You have several problems in your code, with varying degrees of relevance to the specific issue you asked about. Before we go further, one output I get from running your code as written may be illustrative:

The 2. thread got 100 points!
The 8. thread got 0 points!
The 9. thread got 0 points!
The 5. thread got 0 points!
The 5. thread got 0 points!
The 6. thread got 0 points!
The 7. thread got 0 points!
The 2. thread got 100 points!
The 4. thread got 0 points!
The 1. thread got 0 points!

Note that some threads got the same counter index. This can happen because you have a data race between the main thread and each child thread: the main thread passes a pointer to its local variable i, and then proceeds to modify the value of that variable. Meanwhile the child thread reads the value of the variable via the pointer. These actions are not synchronized, so the behavior is undefined.
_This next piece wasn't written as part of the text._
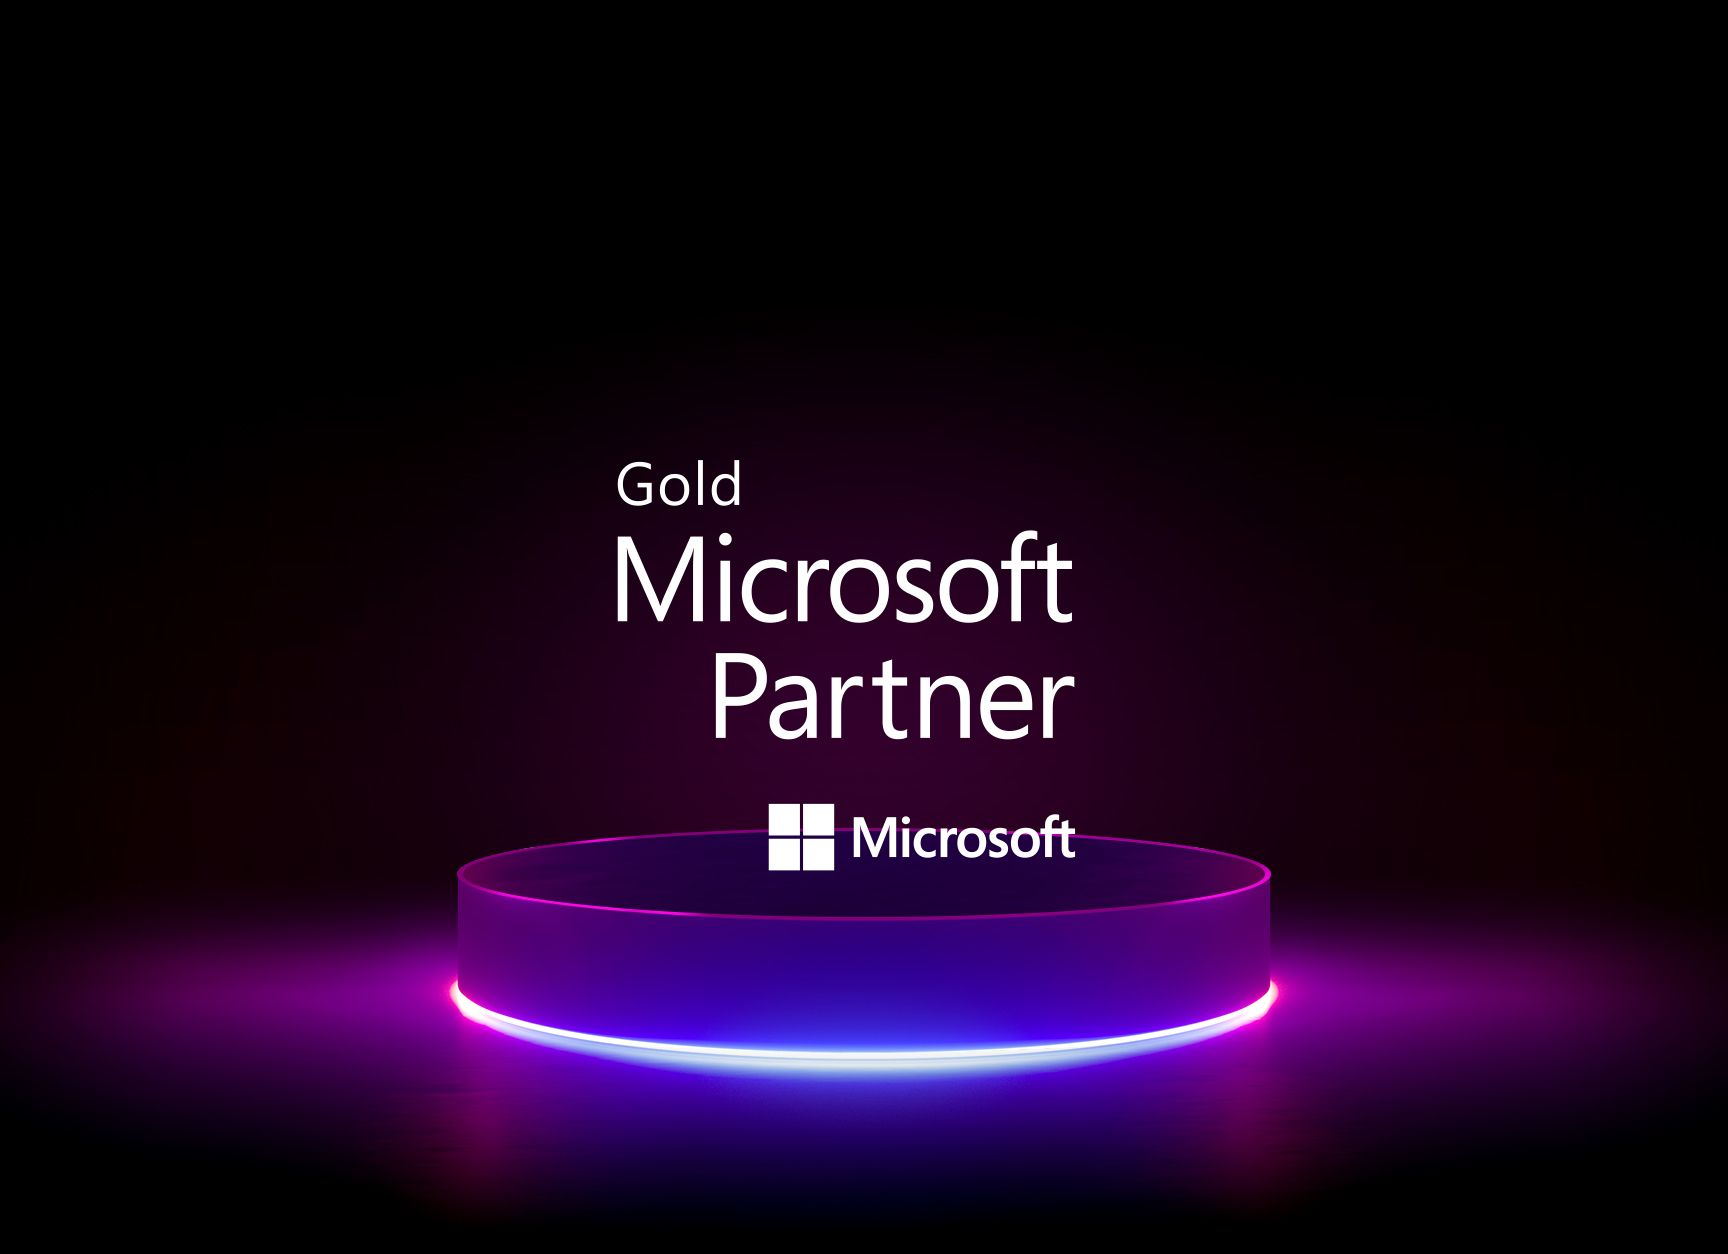 diva-e erreicht Microsoft-Gold-Partner-Status in mehreren Disziplinen

This particular problem has several solutions. The simplest is probably to cast i to void * and pass the result (by value). This is in fact pretty common where you just want to pass an integer:

        if (pthread_create(&threads[i], NULL, add, (void *)i)) {
            // ...

Of course, the thread function needs to convert it back:

void *add (void* input) {
    int /*no need for 'id' */ x, s;
    int ind = (int) input;
    // ...

Next, observe that you have another data race among all your child threads where you read the value of sum in the condition of the while loop. That one does not seem to be biting you at the moment, but it could do at any time. Since the threads, as a group, both read and modify sum, you must ensure that all such accesses are synchronized — for example, by performing them only while holding the mutex locked.

Skipping a bit (we’ll come back), you have a problem with your sleep() call. That function’s parameter is of type int, so your actual argument, the double 0.1, is converted to int, yielding 0. The compiler might optimize that out altogether, and if it doesn’t, then it might effectively be a no-op. Even more importantly, however. sleep() is simply the wrong tool for this job, or for pretty much any job related to inter-thread synchronization and timing.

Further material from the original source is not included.